2. As alpha increases, the coefficients of features are penalized more heavily. In Ridge regression (L2 regularization), all coefficients are shrunk but remain non-zero, while in Lasso regression (L1 regularization), some coefficients can be completely reduced to zero, effectively performing feature selection. This means that different features can be affected differently based on their relevance to the target variable and their correlation with other features.

    By shrinking coefficients, especially in Lasso regression, regularization can enhance model interpretability. A model with fewer non-zero coefficients is easier to explain and understand since it highlights only the most relevant features. This is particularly beneficial in high-dimensional datasets where many features may contribute little to the predictive power.

    Models with appropriate regularization tend to produce more stable coefficient estimates across different datasets or samples. This stability aids in understanding which features consistently contribute to predictions, enhancing overall explainability

3. Regularization helps control overfitting by penalizing large coefficients in the model.

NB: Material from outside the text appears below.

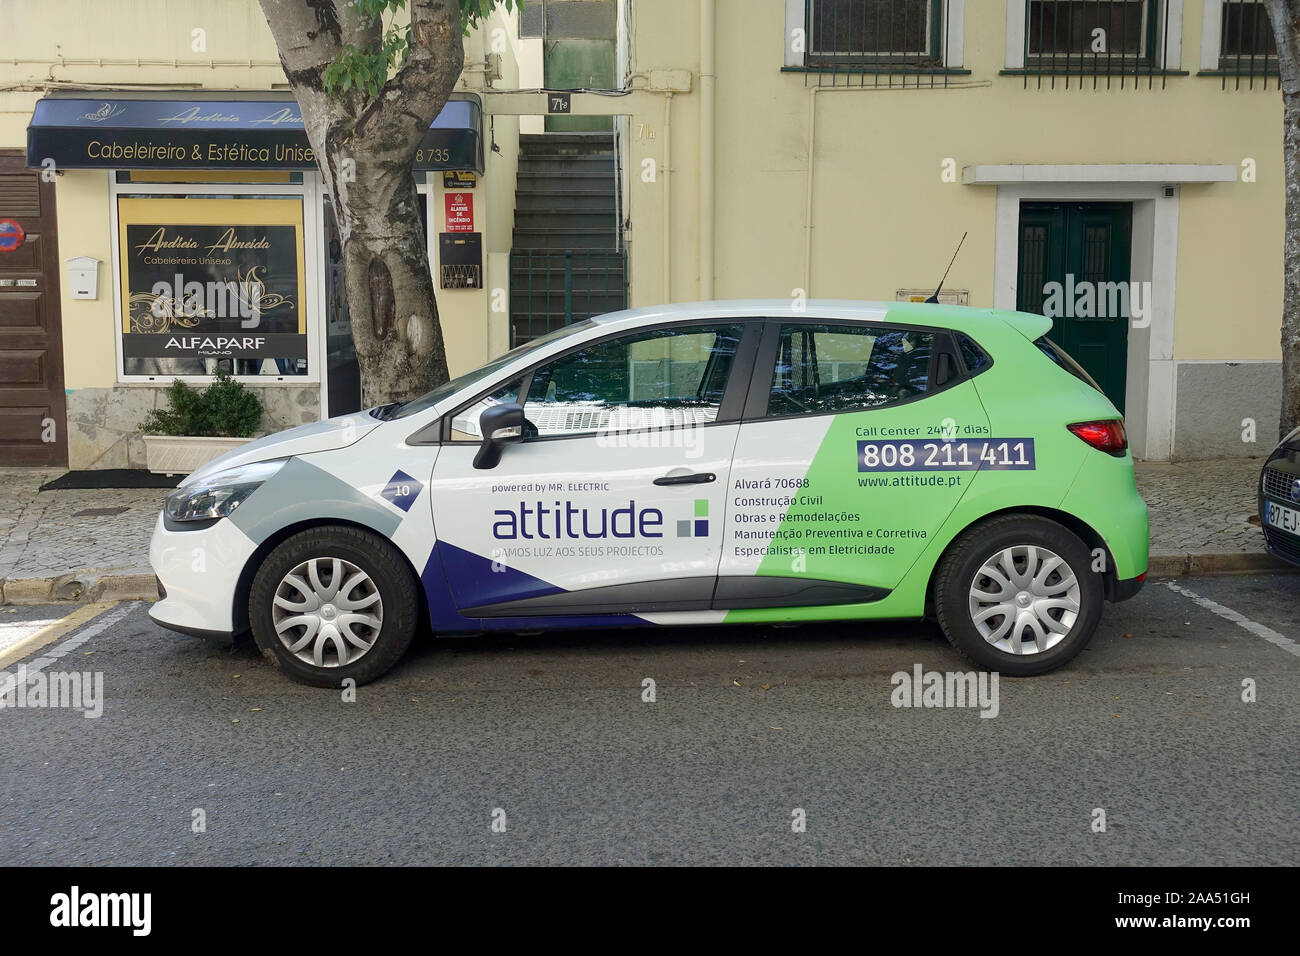 Renault Clio voiture avec l'ATTITUDE SA MARQUE D'UN GROUPE Société de services immobiliers au Portugal Banque D'Images

In high-dimensional spaces, models can easily become overly complex and fit noise rather than the underlying data structure. By introducing a penalty term (controlled by alpha), regularization restricts the complexity of the model, effectively managing the dimensionality of the feature space.

    Ridge regression (L2 regularization) does not eliminate coefficients but shrinks them towards zero. This shrinkage stabilizes coefficient estimates, particularly in high-dimensional settings where multicollinearity may be present. Stable coefficients mean that small changes in the data do not lead to large fluctuations in the model, which is crucial when dealing with expanded dimensions.

    Regularization introduces bias into the model but reduces variance by limiting how much coefficients can change based on fluctuations in the training data. This tradeoff is essential when working with high-dimensional data, as it helps maintain predictive performance while controlling for overfitting.